In the spring of 1918, following the October Revolution, Sergei Prokofiev took the Pacific route from Russia to the United States. He rode the Trans-Siberian Railway to Vladivostok in Russia’s Far East, then traveled to Tokyo where he played a few concerts to pad his wallet, and finally sailed for San Francisco by way of Honolulu. In San Francisco, he was detained by immigration authorities who closely questioned whether he was a Bolshevik. “No,” he said, “because they took my money.” “Have you ever been in jail?” the officer asked. “Yeah, in yours,” he supposedly retorted.
At some point during the passage, he wrote the libretto for The Love for Three Oranges, an opera based on a Russian comedy that in turn was based on an 18th-century Italian commedia dell’arte play. The story is too silly to dwell on.
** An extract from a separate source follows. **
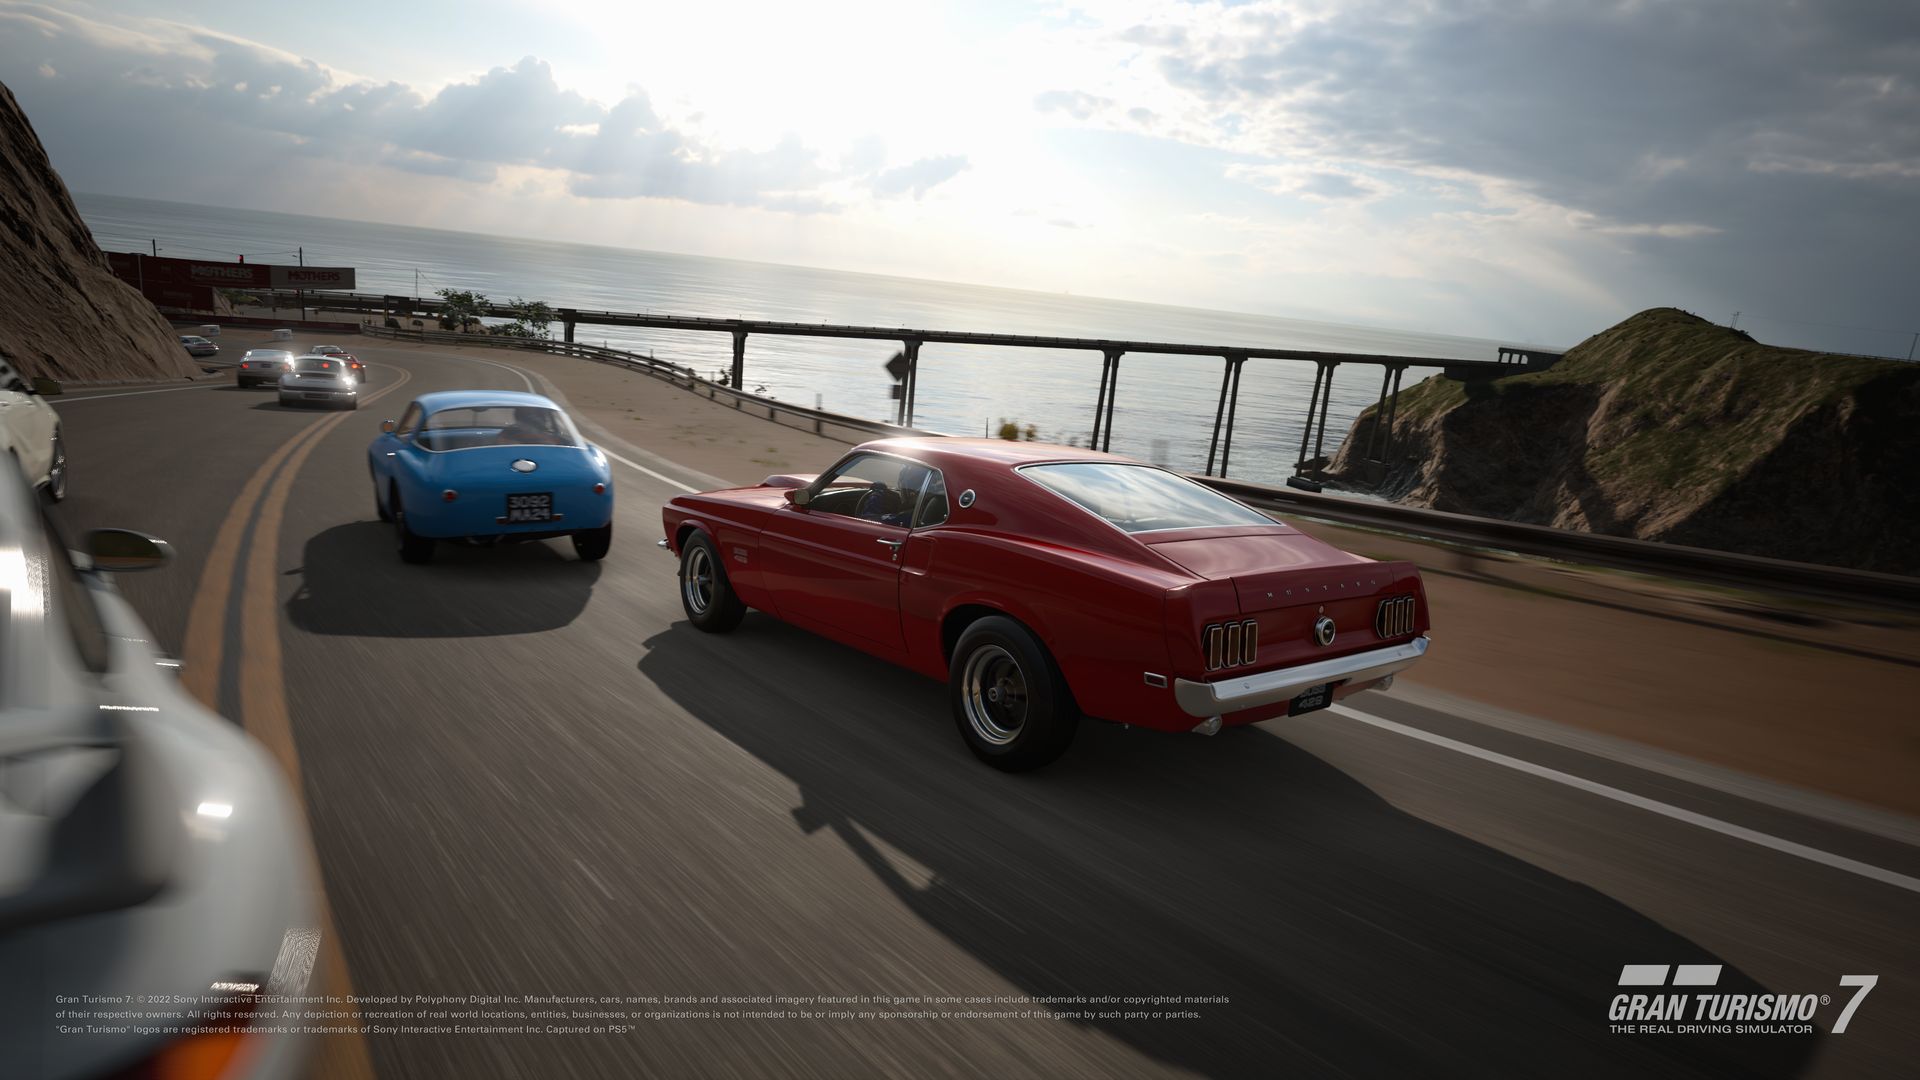 HD wallpaper: Gran Turismo 5 Citroen GT, red Citroen GT racing car, Games,  video game

But in short: the witch Fata Morgana curses a prince to fall in love with three oranges (yes, the citrus fruit). He travels to a faraway land to find them, and each orange contains a princess when peeled: the first two die of thirst, but the third he marries. The drama is populated by a surreal cast: the King of Clubs; Prime Minister; Jester; Magician; Cook; “ten ridiculous people”; Advocates of Tragedy, Farce, and Drama; monsters, drunkards, gluttons, guards, servants, soldiers, etc. Scholars have described the opera’s style as “anti-realist,” which is an understatement.
Prokofiev sold the concept to the Chicago Opera Association in 1919, and was commissioned to write the music. He conducted the premiere there in 1921 and arranged some of the most striking numbers into an orchestral suite in 1924. Prokofiev said he had “chosen a simpler musical language” to appeal to Americans. He succeeded—the March became a frequent cue in gumshoe radio dramas, and NBC’s Dragnet used a rip-off as its theme in the 1950s and ’60s.